All data is not the same under the draft law. That is, the severity or strictness of any data protection required under the law will depend on how important or essential the data is deemed to be (Article 19). However, the law does not set out how data should be classified. Instead, it requires each province and/or government department to set up data importance classifications, as well as the appropriate level of protective measures are required for each classification (Article 19). Naturally, this means an international business operating in several jurisdictions in China will need to understand and comply with the different data security regulations, as well as the data security requirements of all relevant government departments. If these multiple levels of government oversight are not enough, the law further provides that the central government will retain ultimate authoritative supervision over all data security regulations.

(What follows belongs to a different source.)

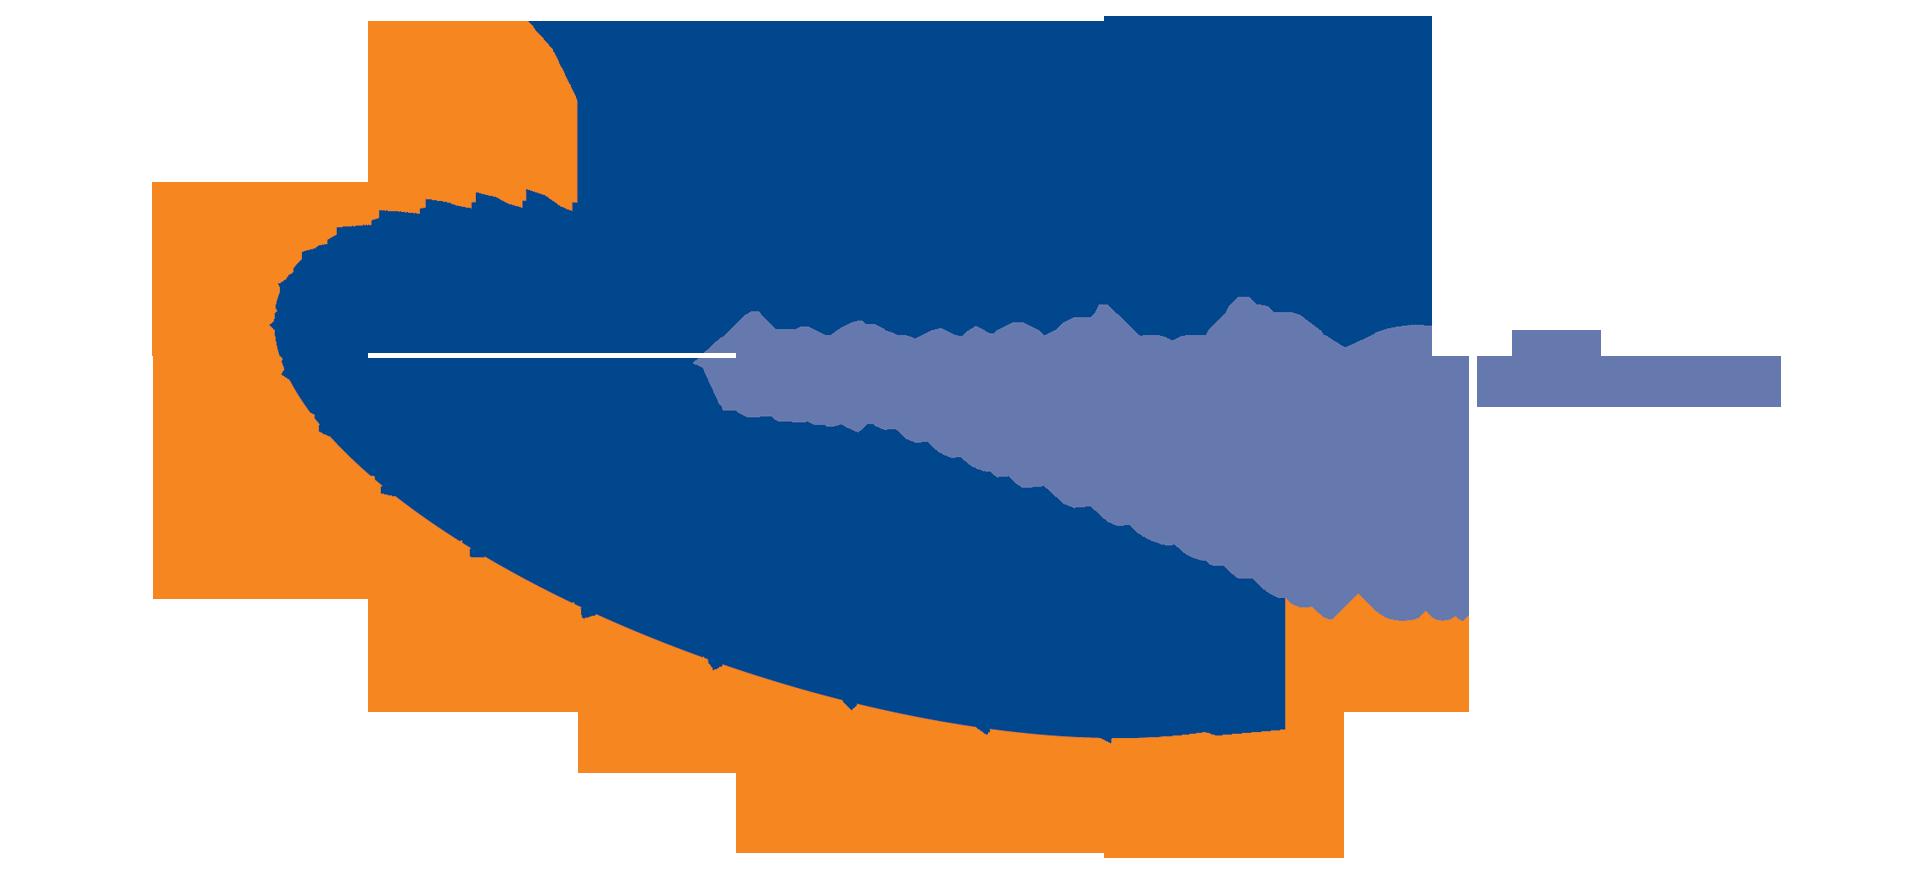 https://wanna-grow.com/wp-content/uploads/2020/06/Mental-Health-Caribbean-Bonaire.png

One requirement international organizations should understand as likely to occur, regardless of where they are located (and whom they are connected with), is the government’s demand to access information when necessary, such as in a criminal investigation. Under Article 32, as long as the police or other law enforcement agency adhere to relevant law and procedures vis-à-vis a request to access data, data holders will be obliged to cooperate. Conversely, under Article 33, if an international organization, such as a foreign police authority, seeks access to data located in China, data holders must first get government approval before releasing any data to the foreign party.
With the Draft Data Security Law, the Chinese government is making clear its intention to finally, and comprehensively, enter into and manage the nation’s burgeoning market in data. This provides a means to protect both the public as well as the state’s data interests. It also suggests that the government deems the data market developed enough to be a benefit to the nation in and of itself.
Interestingly, the law also includes provisions that encourage the development of a market for data. No doubt, this is in response to the fact that China has one of the largest and most developed markets for data, thanks to such commonly used apps as WeChat and Alipay. Indeed, under the law, data trading, otherwise known as the selling and buying of data, is not only deemed legal but is encouraged. That is to say, as long as an enterprise follows the requirements of the law, such as explaining the source of the data, it can legally market the consumer and personal data it has obtained.
These are just some of the preliminary issues the draft law creates. It would be wise for international organizations doing business in China to stay up to date on this law as it makes its way through the legislative process.
Marcel Green is an attorney and legal researcher specializing in American and Chinese criminal law.